Once we’re inside the airplane, and it starts rolling down the grassy field, the entire experience suddenly becomes surreal. You’re in for a one-way ride as excited as you can be.

I often get the feeling that everyone inside of the plane is trying to look as relaxed as they can, but you can actually see the excitement on their face. We usually remind each other to arch our backs during freefall or discuss an exit strategy.

Usually right before we are supposed to jump out we say things like “Man, I needed this so badly.”

It takes us about 15-20 min. to get to up to 1500 meters, and then the instructor opens the door of the airplane and the “fun” can begin. One by one we throw ourselves out of a completely functional airplane, and we LOVE IT.

“We throw ourselves out of a completely functional airplane, and we LOVE IT”

The airplane and freefall over the airport.

Coming down

We don’t jump straight out of the plane.

There’s a metal plate below the wing that you can stand on, before jumping out.

When you first start Skydiving you get surprised by how strong the wind can be. This is why it is SO important to practice getting out of the airplane on the ground.

So you don’t waste precious moments in the air, struggling where to position your hands and feet.

Once we’re on the ground all the instructors gather and talk about our jump and what we did wrong this time. The sooner you’re on the ground the more you’ll get criticized, so some of us started chasing thermal winds to avoid this issue. LOL.

After each jump we always celebrate, either with beer, or a good portion of beans, or both.

For most of our jumps we have a camera on the wing recording everything, so after a day of skydiving we gather and look at the videos. There’s usually plenty of laughter and joking, but also serious conversations and strategies for improvement.

The special Skydiving occasions

Every once in a while there’s a special occasion that breaks the skydiving “routine”.

We performed skydiving jumps for a wedding that was happening at the airport.

We wrote “Happy Marriage to Dime and Angela” on a piece of paper as well and took a photo inside of the Cessna before the jump.

It really made the day special for the bride and the groom.

Taxi anyone?

One of my most memorable skydiving experiences was riding outside the airplane, below the wing for almost a minute.

There was a misunderstanding in the plane, where the instructor nodded towards me to start getting ready for the jump.

I thought I needed to get out of the plane and started getting out.

Since it was too early the instructor tried to pull me back in, but he couldn’t do it.

At that moment I have gotten superpowers. Apparently, he also yelled, but the wind snuffed his voice.

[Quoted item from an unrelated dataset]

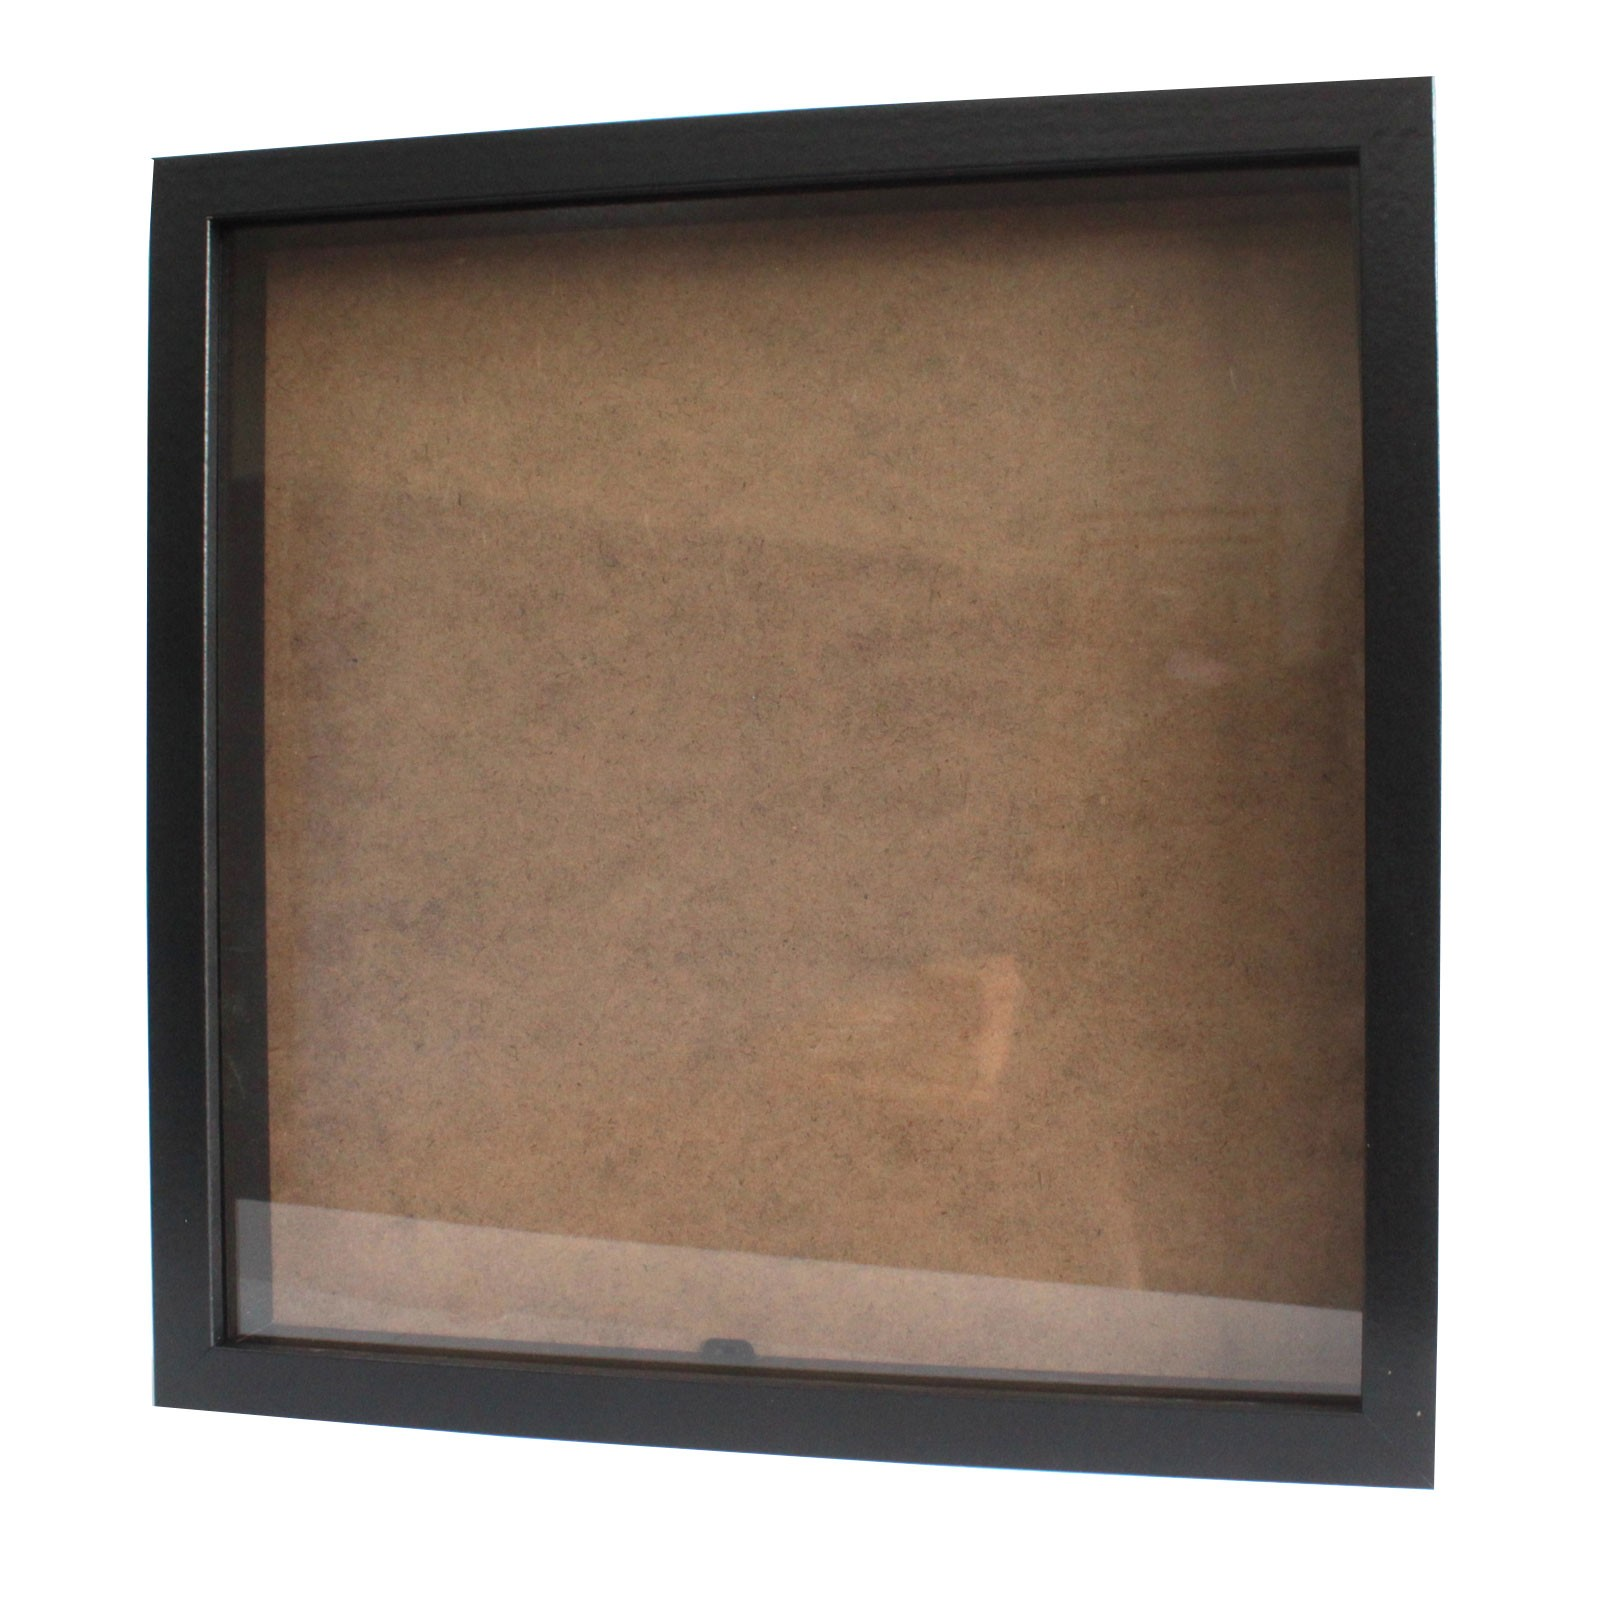 Deep Box Frame Large Square 34x34cm Black

In the end, the pilot told him to let me go, because I was going to pull both of us outside. Once I was out below the wing, standing on the metal platform, I remembered our ground exercise and turned my attention toward the instructor.

He was supposed to nod again so I could jump out.

At this point, he was angry and frustrated and screamed: “Well now you get to taxi on the wing.”

So I stood there, outside of the plane for a whole minute, not really sure what was happening, just enjoying the James Bond ride. Once we were on the ground the instructor told me he never wants to hear me complain how strong the winds are up there.

My skydiving instructor currently thinks I could single-handedly pull the plane if I ever decided to.